The sectoral summit on Power held in January this year has recommended two-pronged strategy: (1) Small/Localized Hydel & Thermal and NRE projects to fulfill local needs; (2) High capacity Hydel & Thermal Power Projects with associated Transmission lines for first meeting the demand for power of the North eastern region and thereafter that of the rest of the country.

Institution Development

The North east Council has played a pivotal role in strengthening various institutions including RIMS, Imphal RIPANS, Aizawl, LGBRIMH, Tezpur, NEPA, Umsaw, Shilliong etc. NEC has also extended support to several other institutions like the BBCI, Shankardeva Nethralaya, RDC, RNC, GMC etc. Besides providing better healthcare, the health institutions and NEPA have assisted in capacity building. Apart from continuing support to these institutions, it is proposed to set up Nursing colleges in the PPP mode, a Pilot training Centre in collaboration with the Ministry of Civil Aviation, a Fashion technology Institute in collaboration with NIFT/Ministry of Textiles and a Mountaineering-cum-Adventure Sports Institute in collaboration with the HMI, Darjeeling.

Capacity Building

To enhance the scope of employment of the educated youth in the region, the North East Council proposed to impart a renewed thrust to skill development in collaboration with reputed institutions. With this end in view it has been proposed to support teachers training programmes in consultation with the federal ministry of Human resource Development; federal ministry of YAS and the state governments with the help of the teachers training institutes, universities. Although communities in the region have access to bamboo resources but they are unable to benefit from value addition. The North East Council proposes to support capacity building in the bamboo sector.

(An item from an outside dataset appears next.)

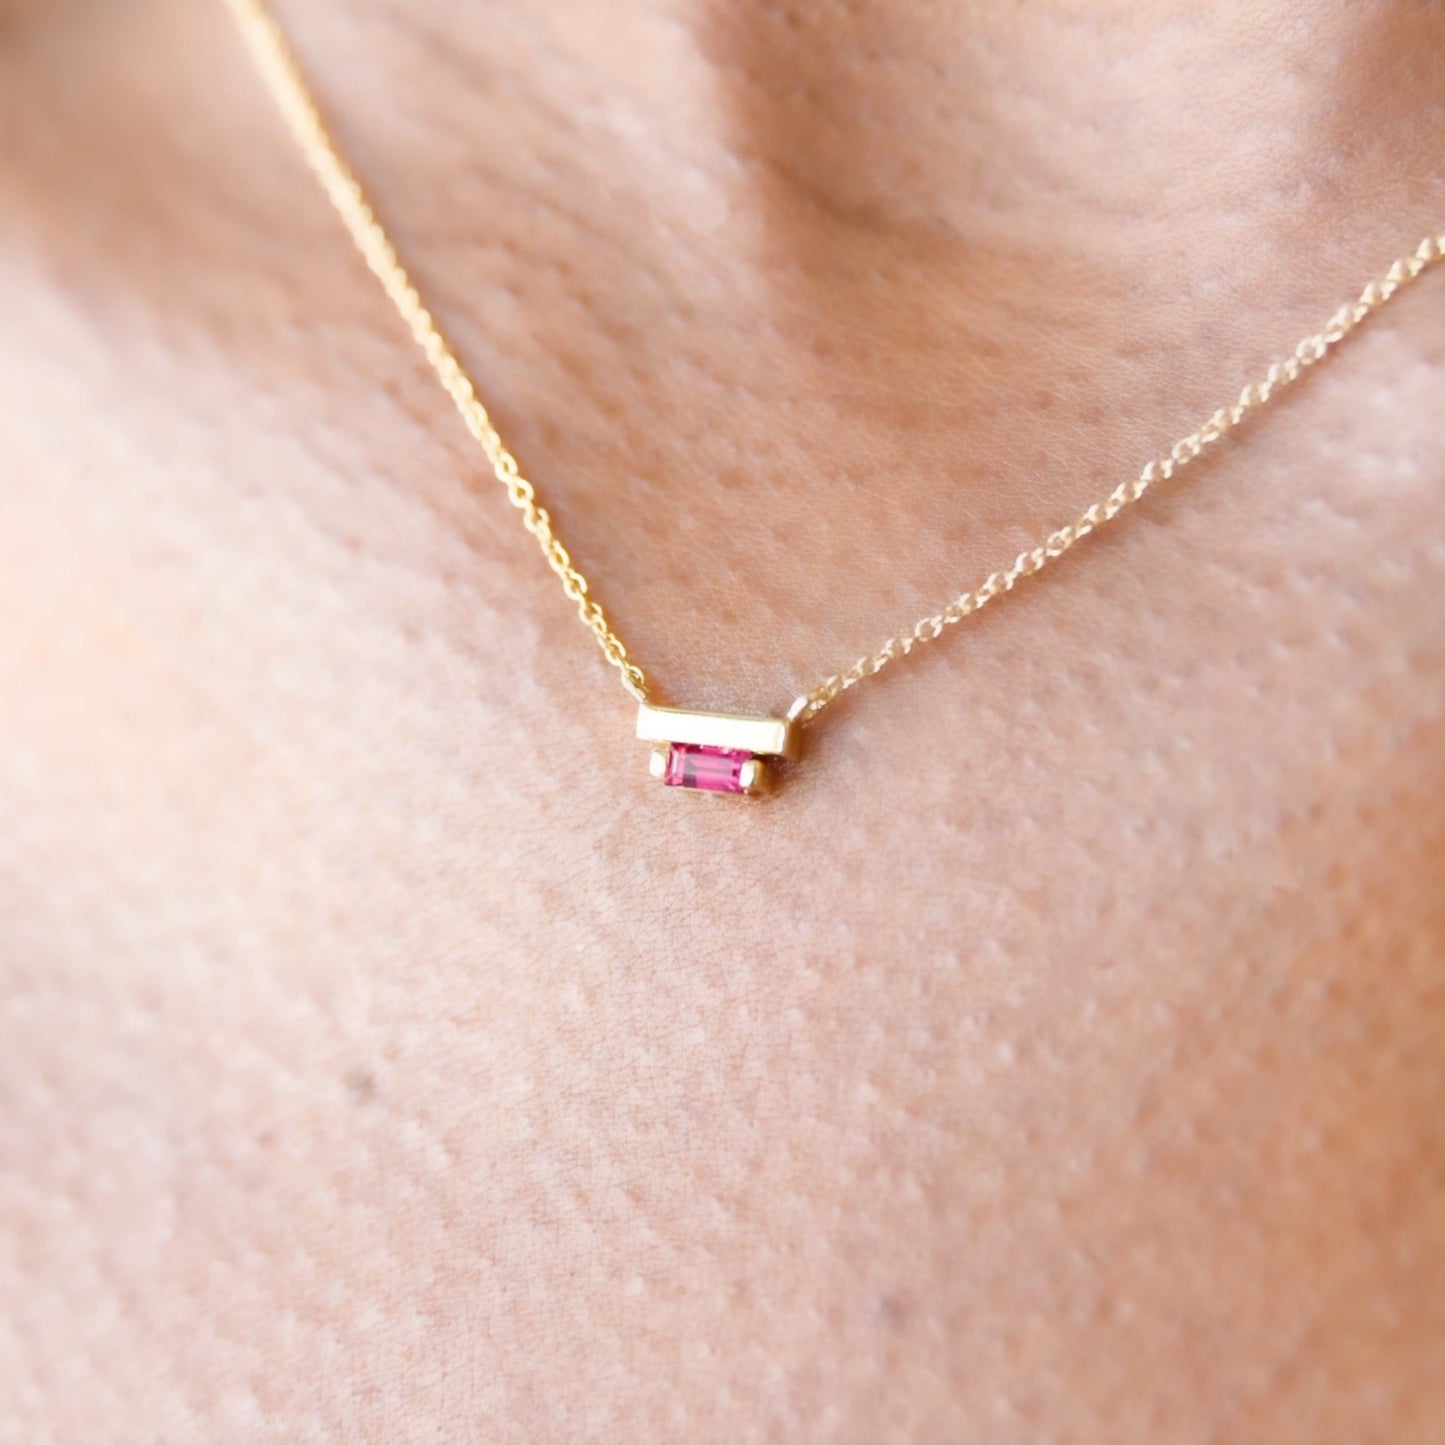 Ladder Climber Necklace - Ruby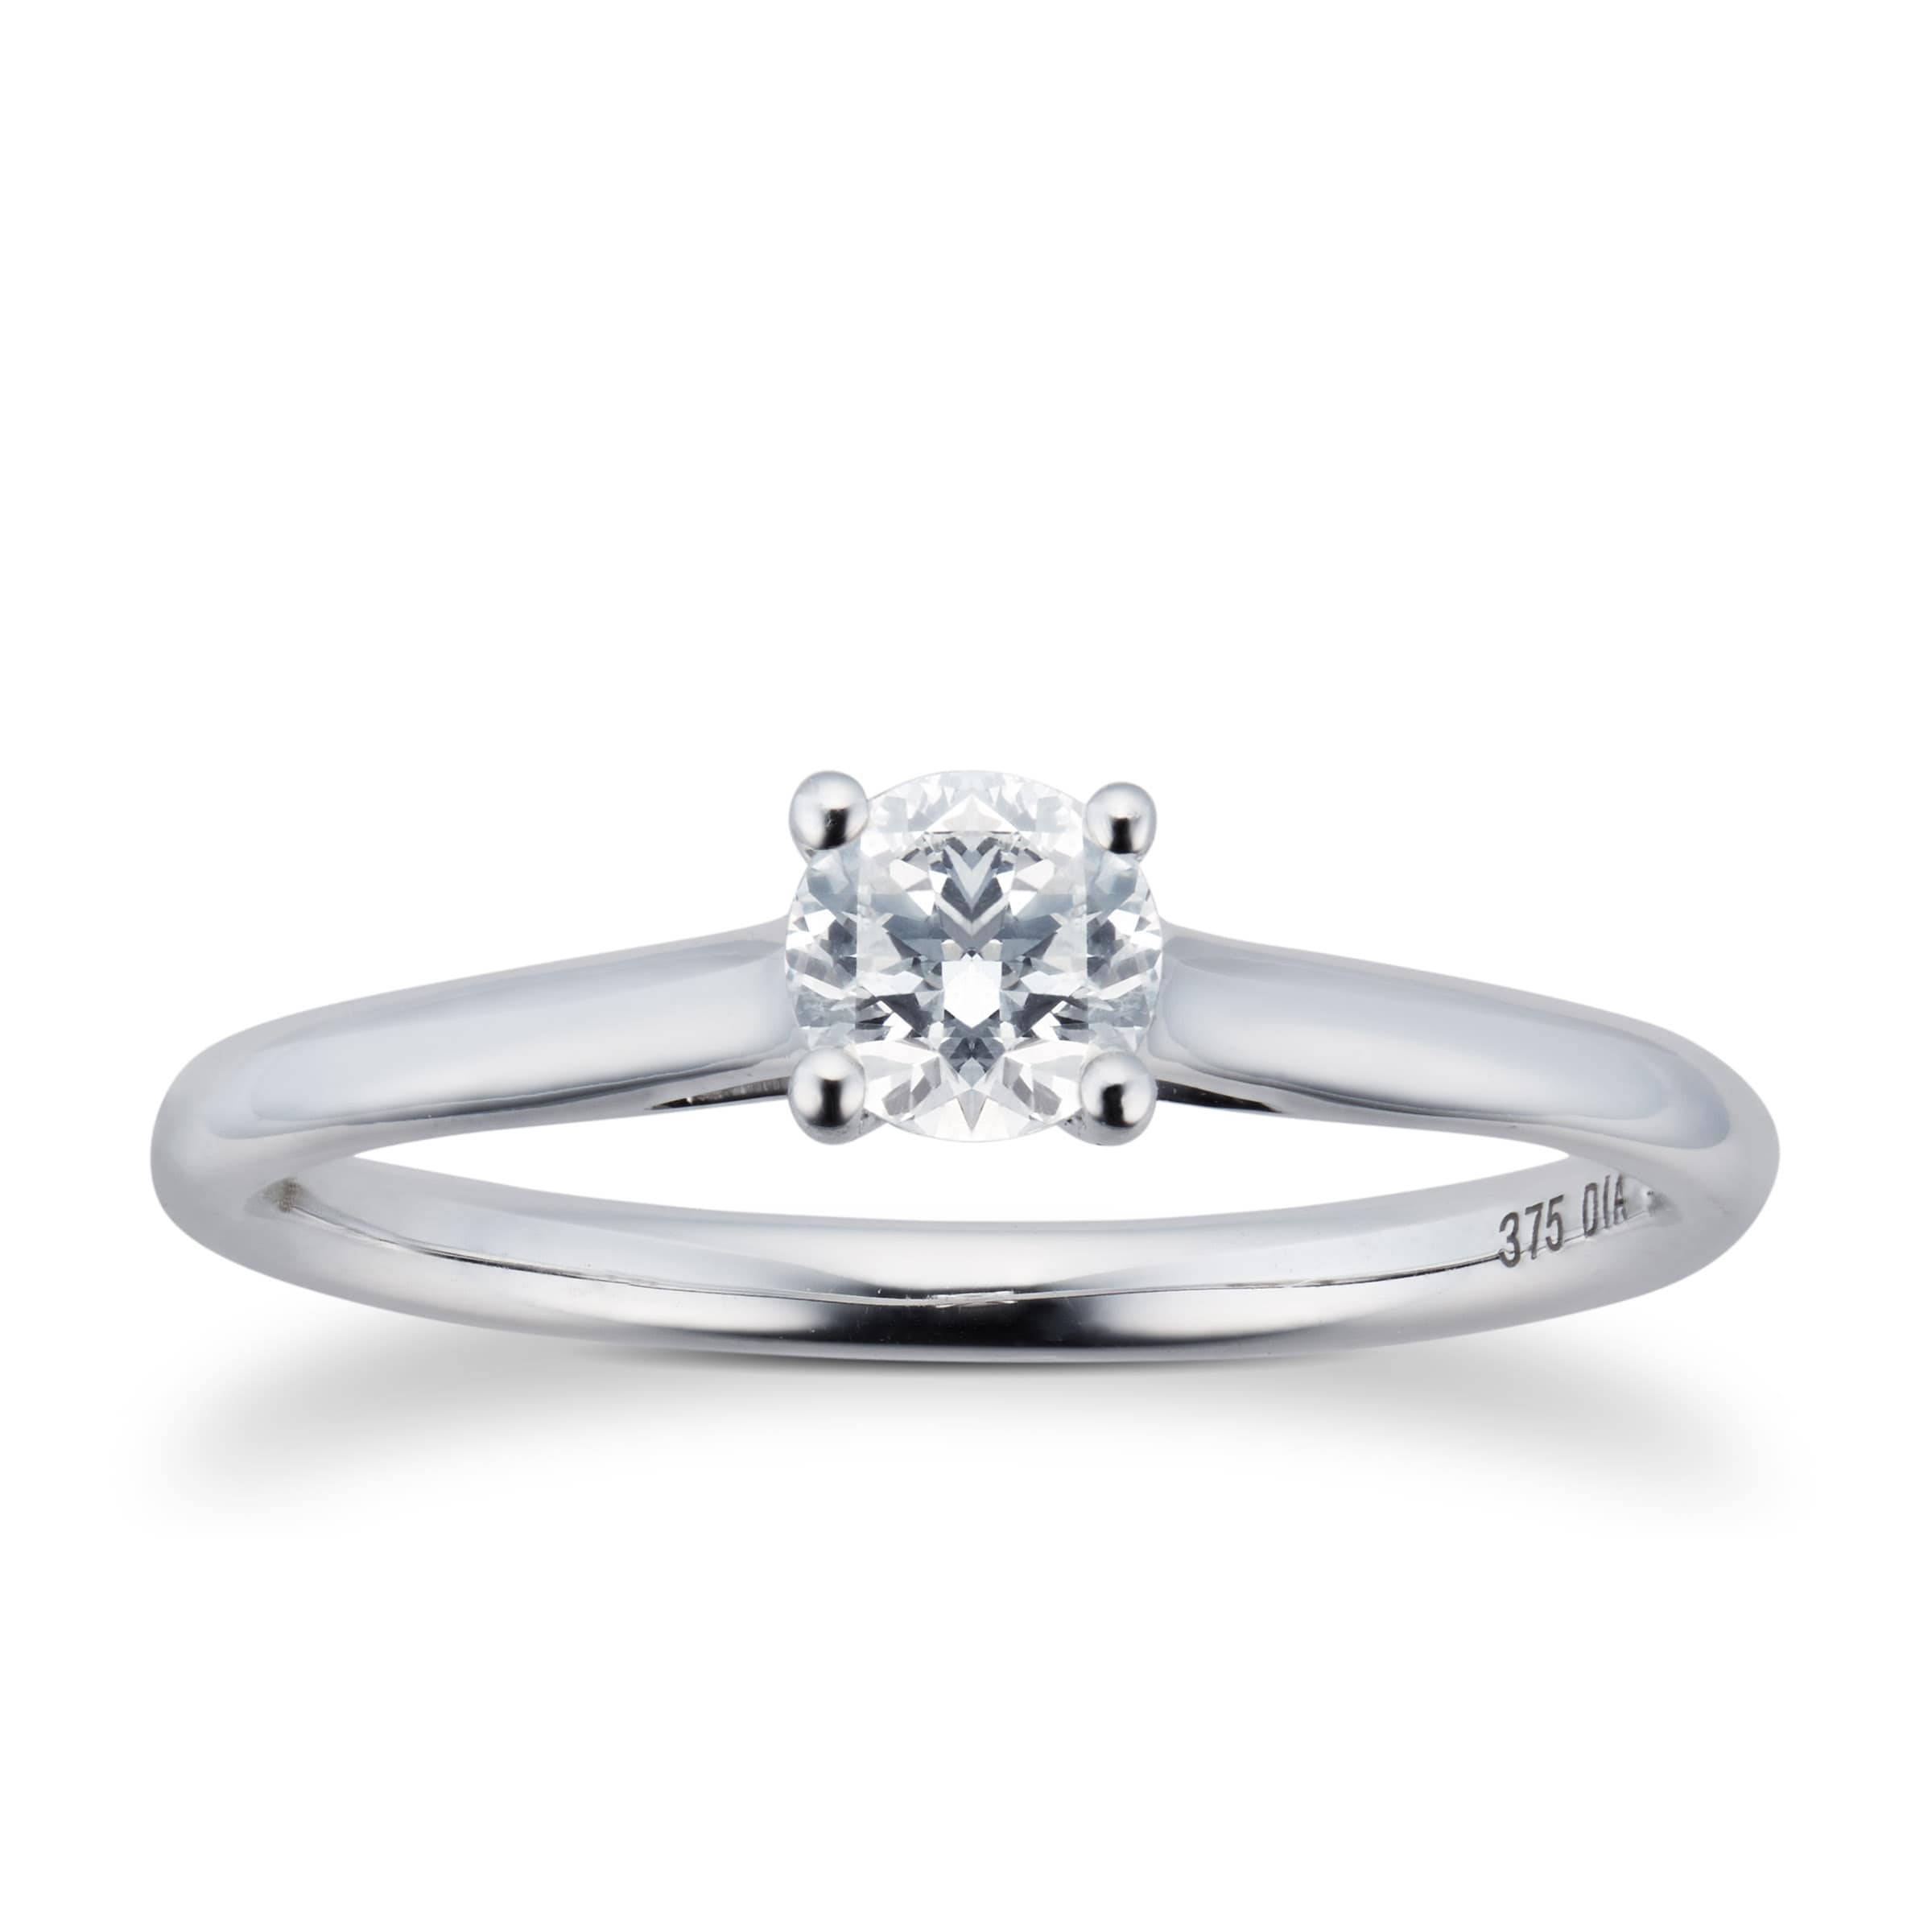 Brilliant Cut 033ct 4 Claw Diamond Solitaire Ring In 9ct White Gold Ring Size O

Source : North East Council Annual Plan 2007-08 & Sectoral Summit reports, 2007


HIGHER FEDERAL BUDGET ALLOCATION FOR 2008-09


The North Eastern Region (NER) continued to receive special attention and enhanced allocations. In the federal Budget 2008-09 an amount of Rs. 1,445 crore has been provided to the Ministry of Development of North Eastern Region(DONER). The total Budget allocation for NER, spared over different ministries/departments, will increase from Rs. 14,365 crore in 2007-08 to Rs. 16,447 crore in 2008-09.

In his Budget speech Finance minister P Chidambaram stated that the North Eastern Region especially, the border areas face special problems that cannot be tackled in the usual course or through normal schemes. Hence, the Government proposed to identify the urgent needs of these areas and addressed them through a special mechanism. A sum of Rs. 500 crore in a fund dedicated for this purpose has been set aside in the Budget.